Effetti dello sport sul reflusso
Il reflusso gastroesofageo è una condizione diffusa che può manifestarsi con sintomi esofagei e extraesofagei, come faringiti e disturbi alla gola. Alcune discipline sportive, soprattutto quelle ad alta intensità, tendono ad aggravare il disturbo. Studi hanno dimostrato che attività come corsa intensa, sollevamento pesi, ciclismo e nuoto aumentano la pressione intra-addominale e riducono la capacità di pulizia dell’esofago, incrementando così la frequenza degli episodi. L’intensità dell’allenamento risulta un fattore determinante.

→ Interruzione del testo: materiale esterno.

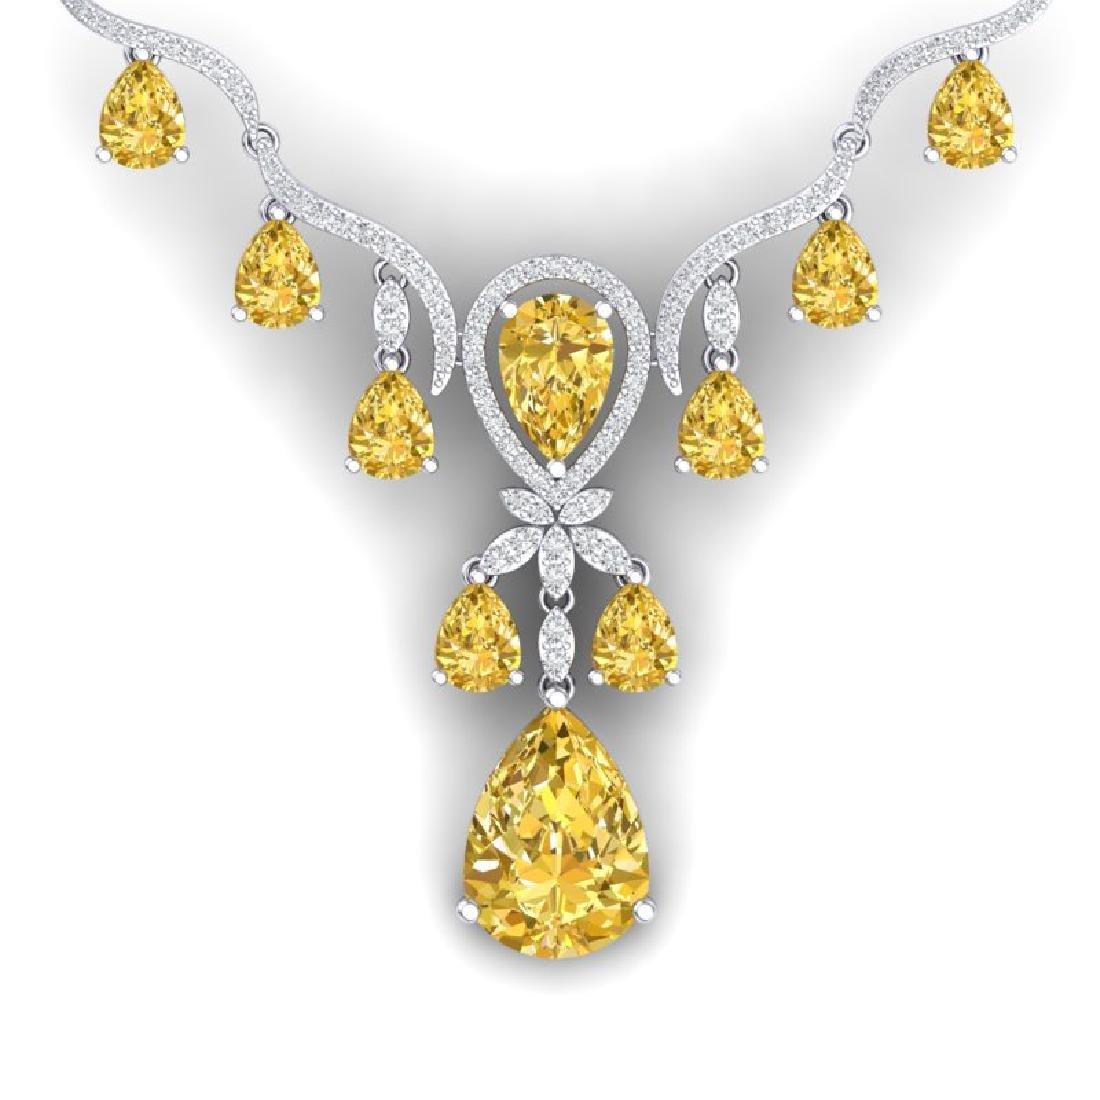 34.70 CTW Royalty Canary Citrine & VS Diamond Necklace
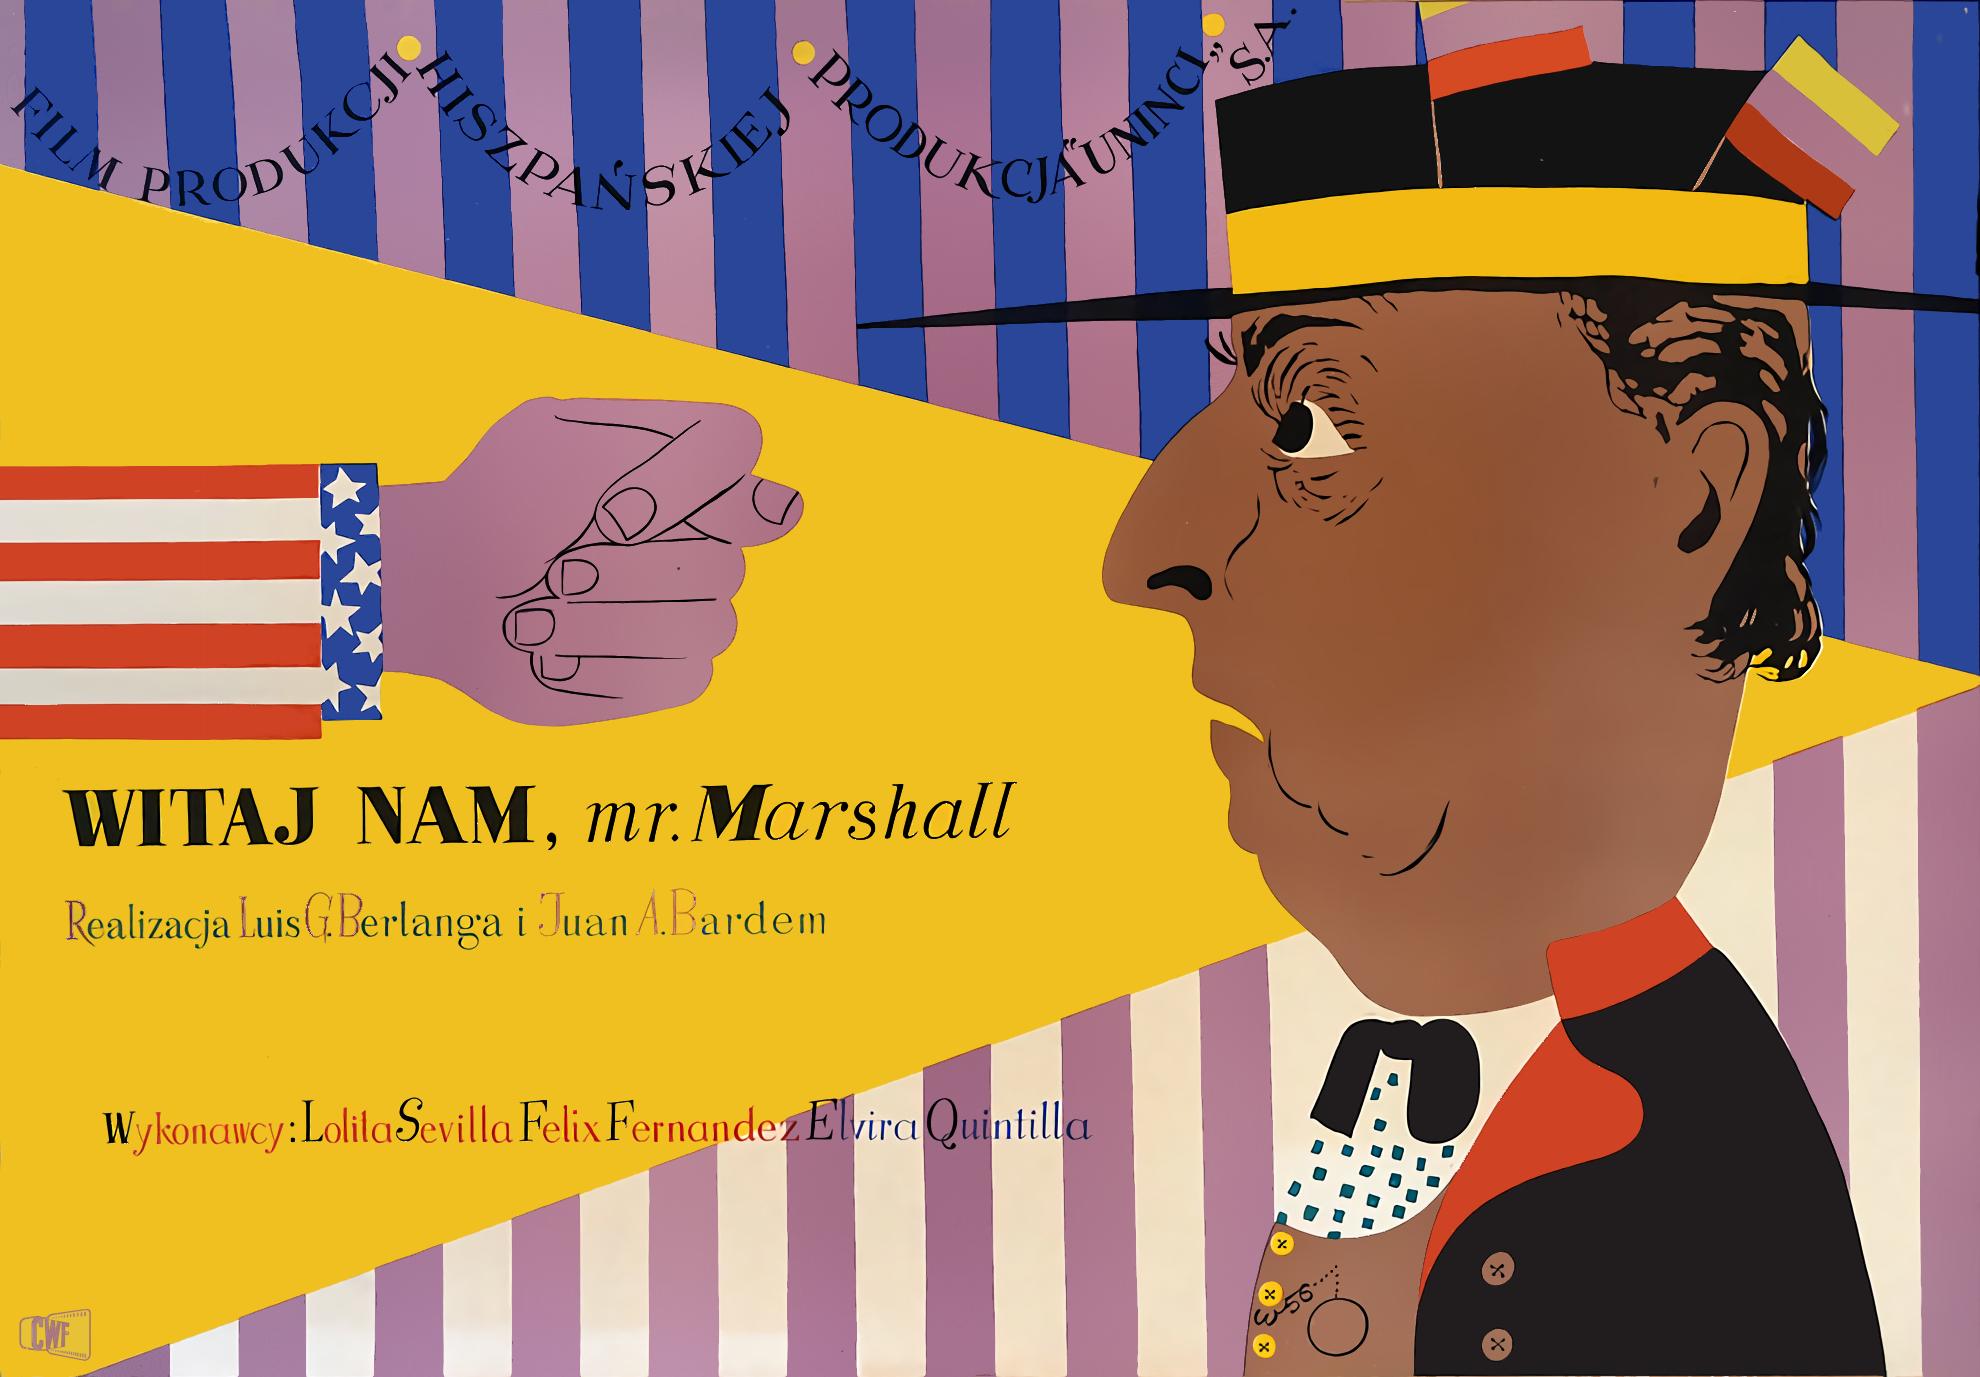 Witaj nam, mr. Marshall!

Strategie e sport consigliati
Per chi soffre di reflusso, alcune accortezze possono ridurre i disagi: consumare i pasti almeno due ore prima dell’attività fisica, evitare porzioni eccessive, limitare il fumo. Un esercizio moderato e regolare, come camminata veloce, yoga o nuoto leggero, può favorire un miglioramento, mentre sport con sforzi esplosivi o prolungati, come il sollevamento pesi agonistico, aumentano il rischio di riacutizzazioni.
Alimentazione e approccio personalizzato
Le indicazioni dietetiche variano in base al singolo paziente. Studi recenti ridimensionano l’impatto di caffè, cibi piccanti e grassi, mentre alcune sostanze come menta e cioccolato possono peggiorare la funzione dello sfintere esofageo. L’eliminazione totale di determinati alimenti non è sempre necessaria: moderazione e valutazione caso per caso, con il supporto di un medico, restano la strategia più efficace. La terapia deve considerare la tipologia e la gravità del reflusso, l’eventuale presenza di ernia iatale o esofagite, e adattarsi alle esigenze individuali.